:: Work to complete ::
Beginning with the line that holds "La méduse : carte" and ending with the last line below, repeat each line exactly, leaving any pictures out.

:: Information shown ::
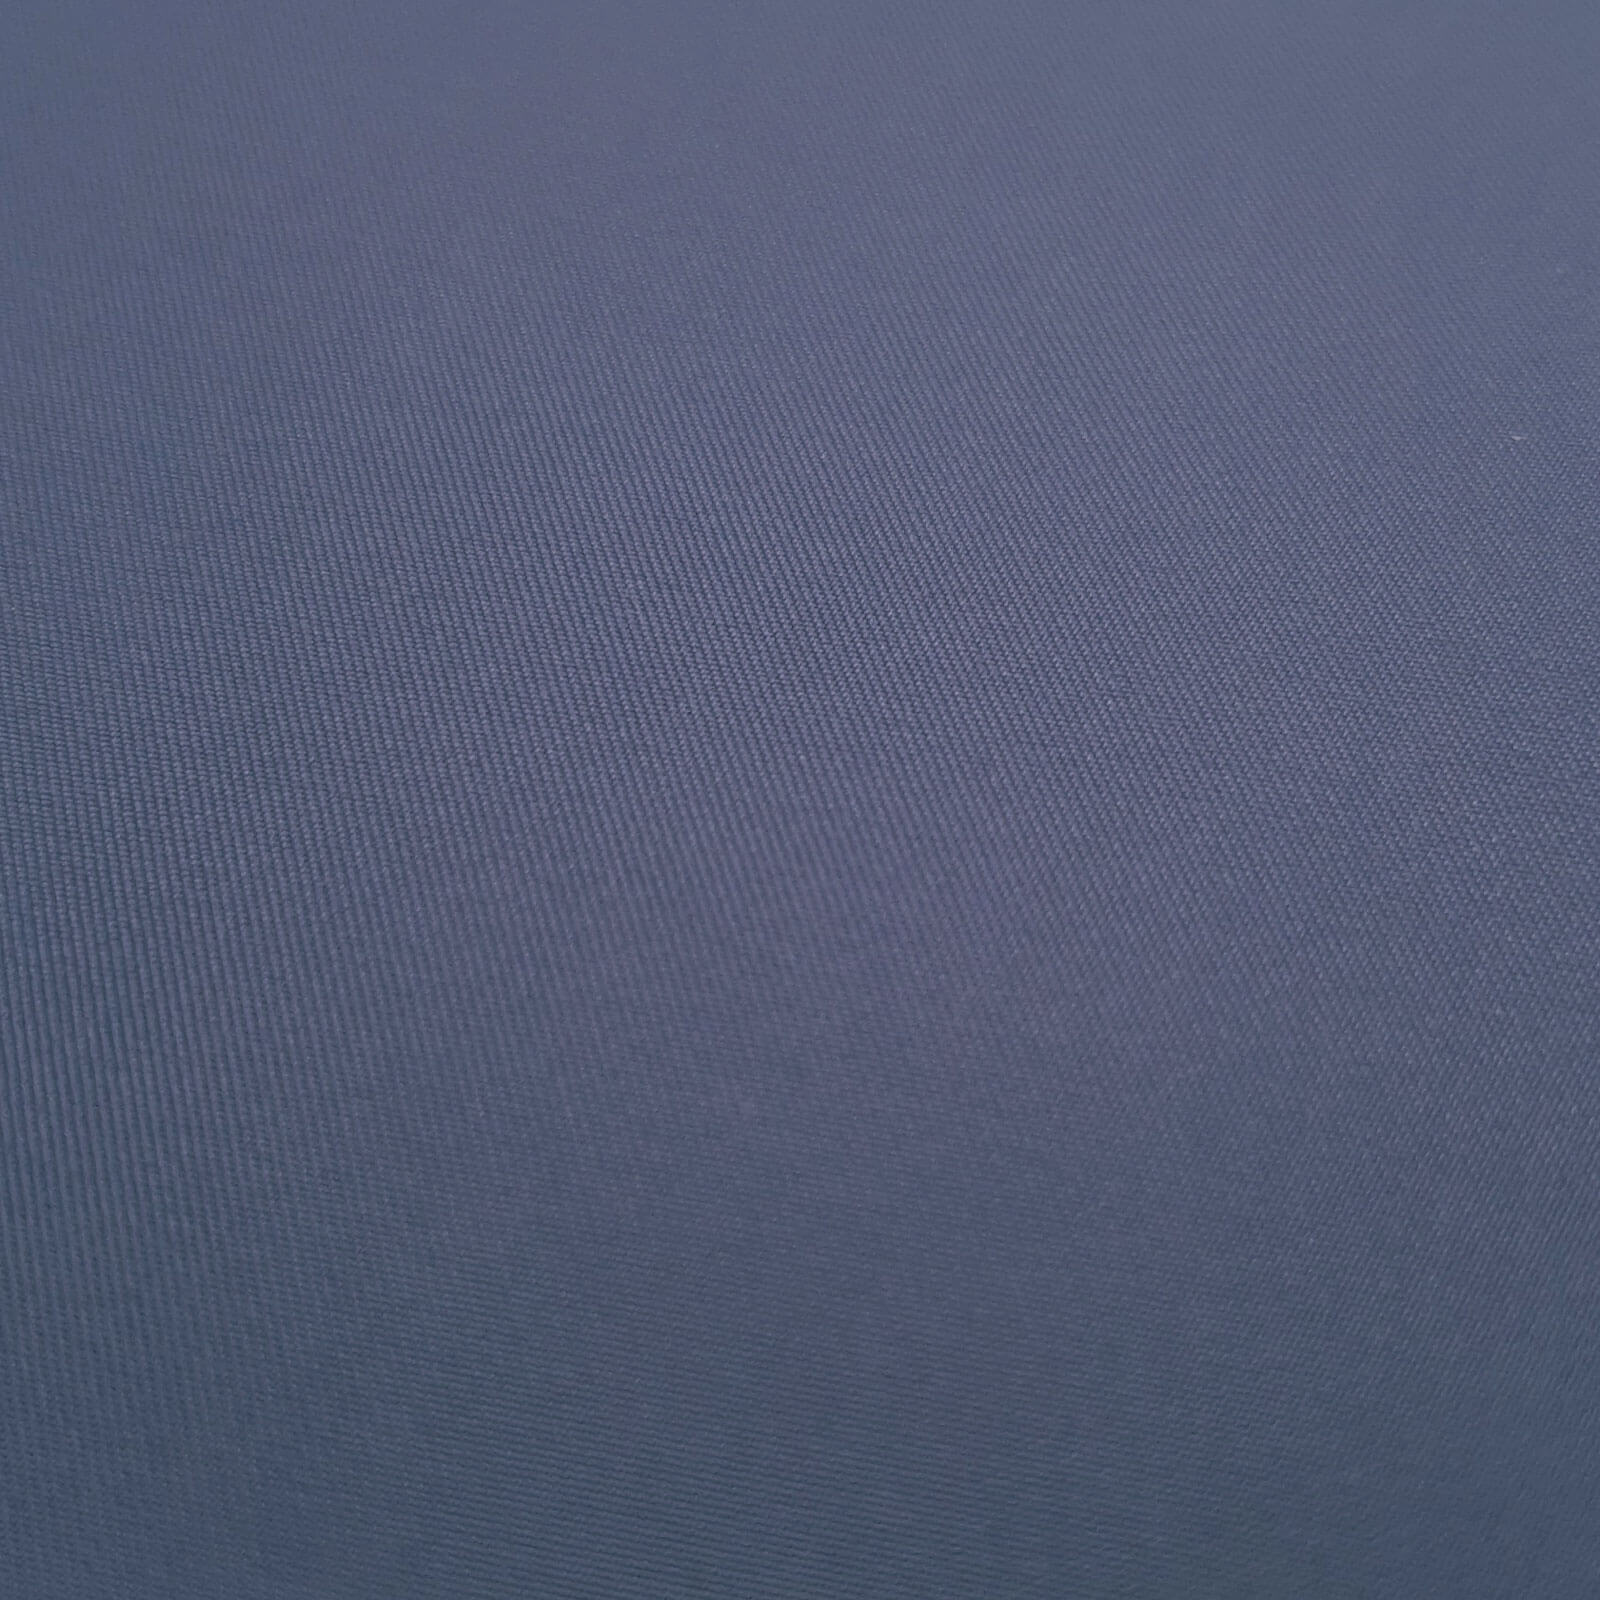 Laurena - Laminato esterno in tessuto con membrana climatica - Blu medio
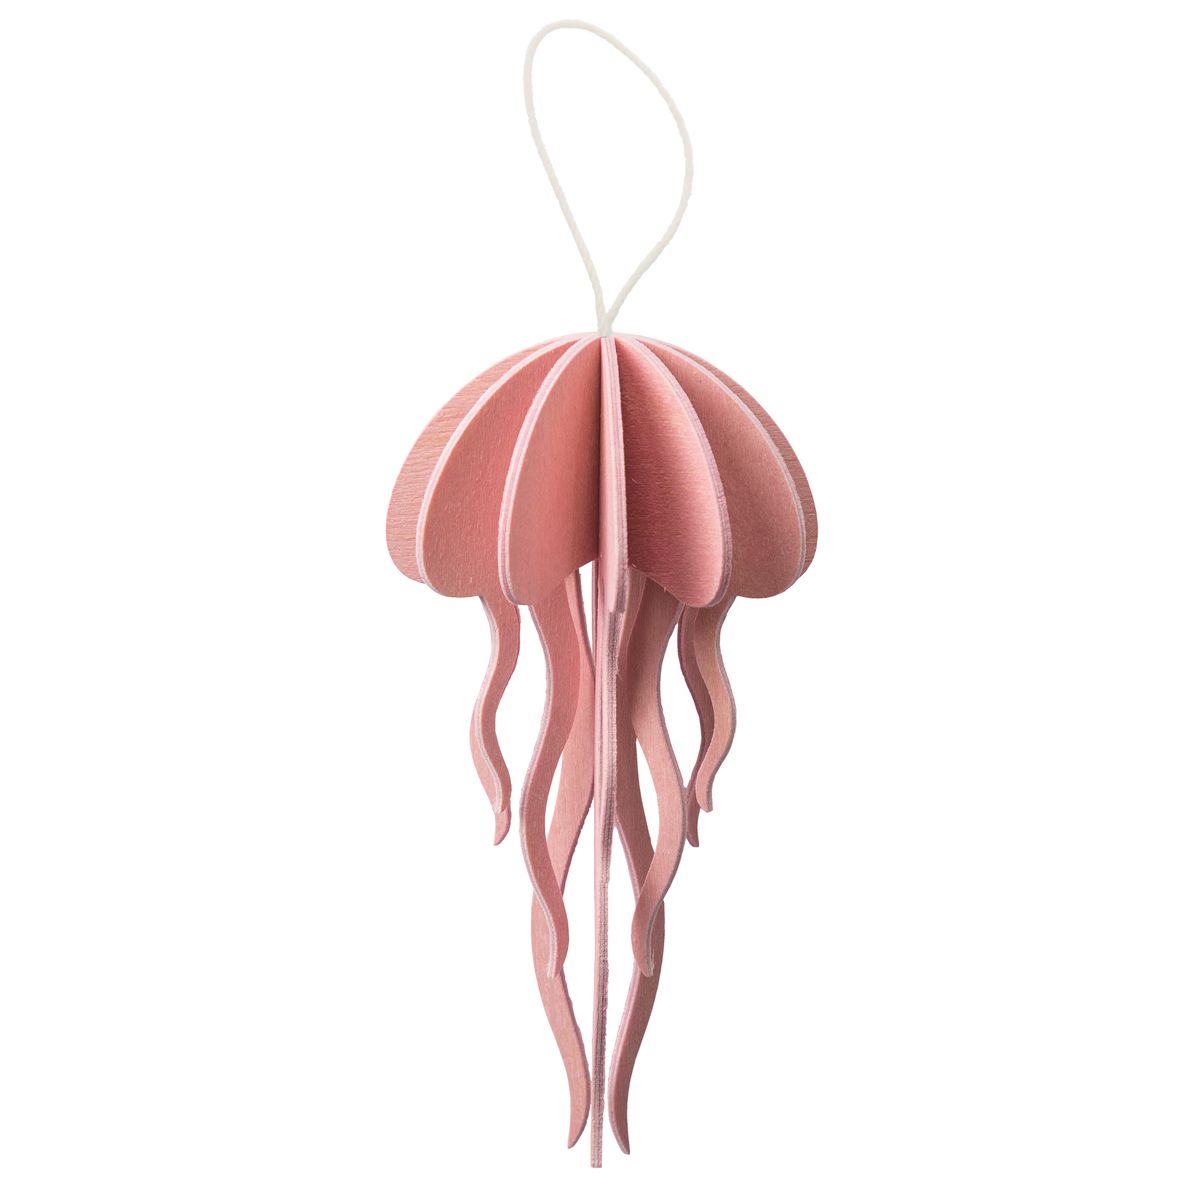 La méduse : carte pour construire un 3D en bois (S – rose clair)
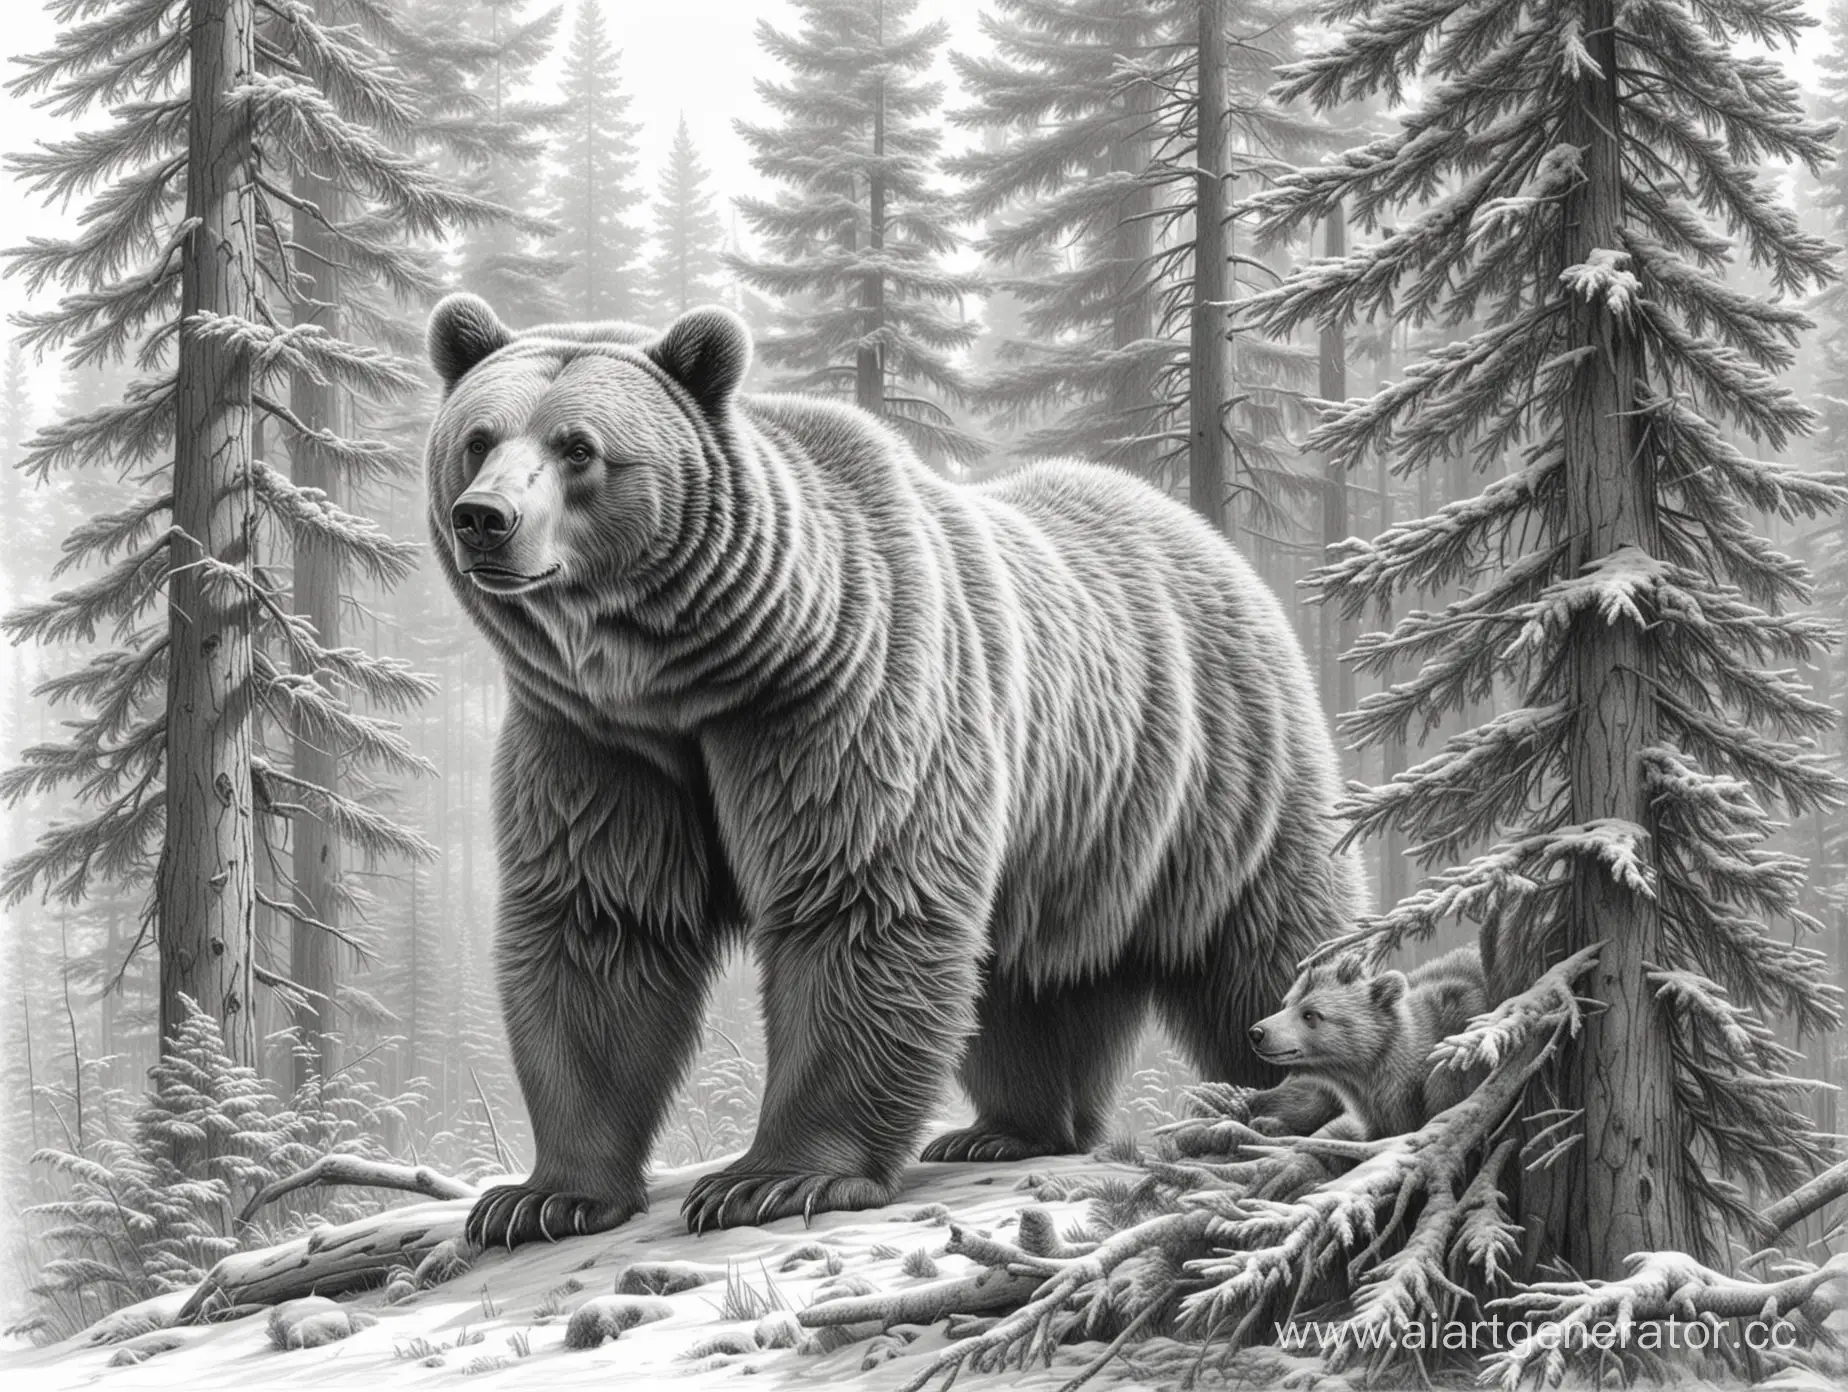 реалистичный рисунок в стиле карандашной графики на белом фоне максимально детализированный медведь с медвежонком  рядом большая детализированная ель во весь рост
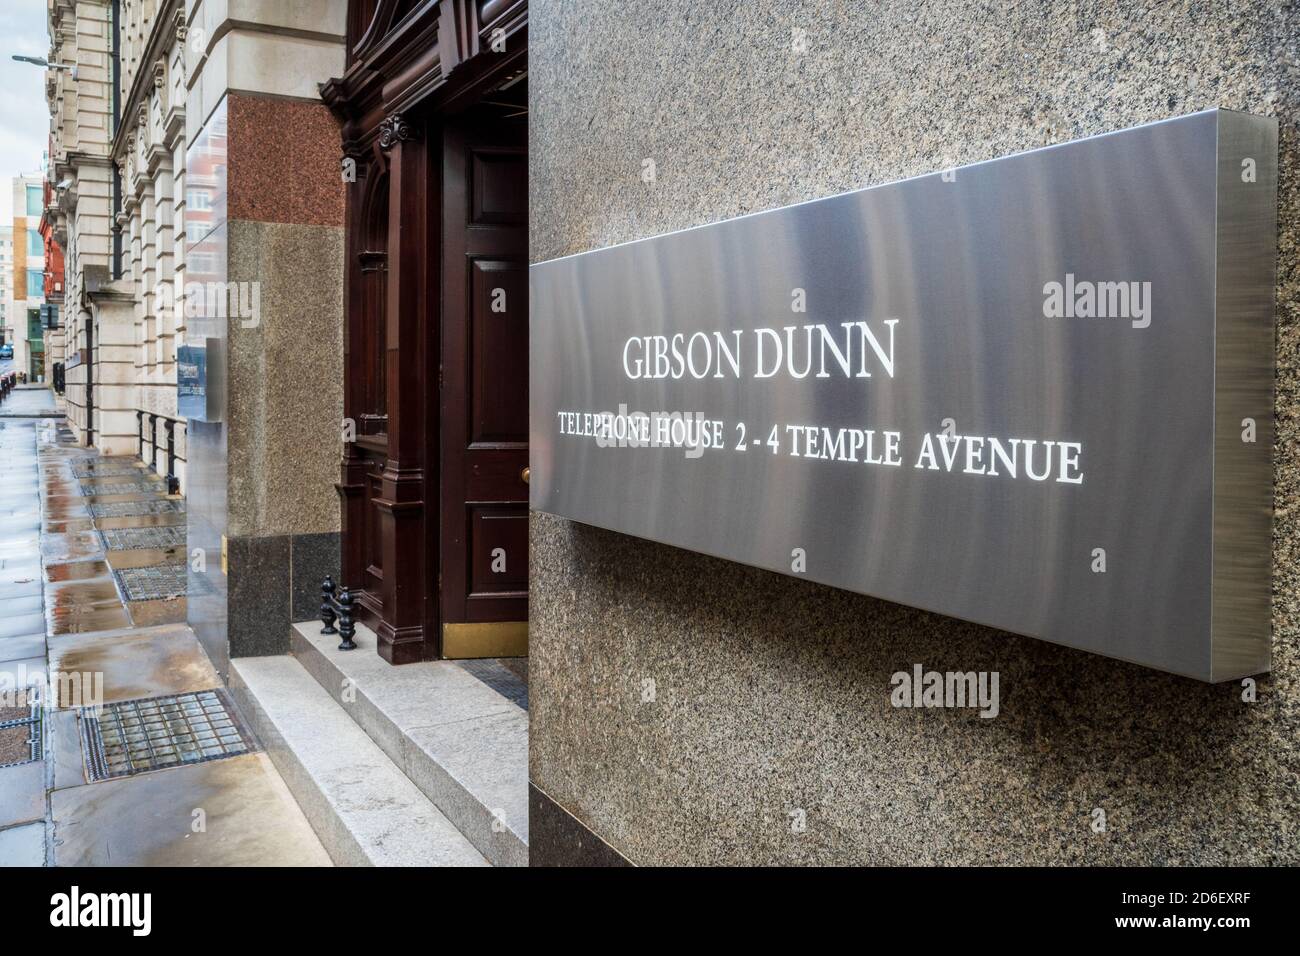 Gibson Dunn International Law Studio London uffici. Studio legale globale con sede a Los Angeles, fondato nel 1890. Gibson, Dunn e Crutcher LLP. Foto Stock

:: Written response ::
 La méduse : carte pour construire un 3D en bois (S – rose clair)
 реалистичный рисунок в стиле карандашной графики на белом фоне максимально детализированный медведь с медвежонком  рядом большая детализированная ель во весь рост
 Gibson Dunn International Law Studio London uffici. Studio legale globale con sede a Los Angeles, fondato nel 1890. Gibson, Dunn e Crutcher LLP. Foto Stock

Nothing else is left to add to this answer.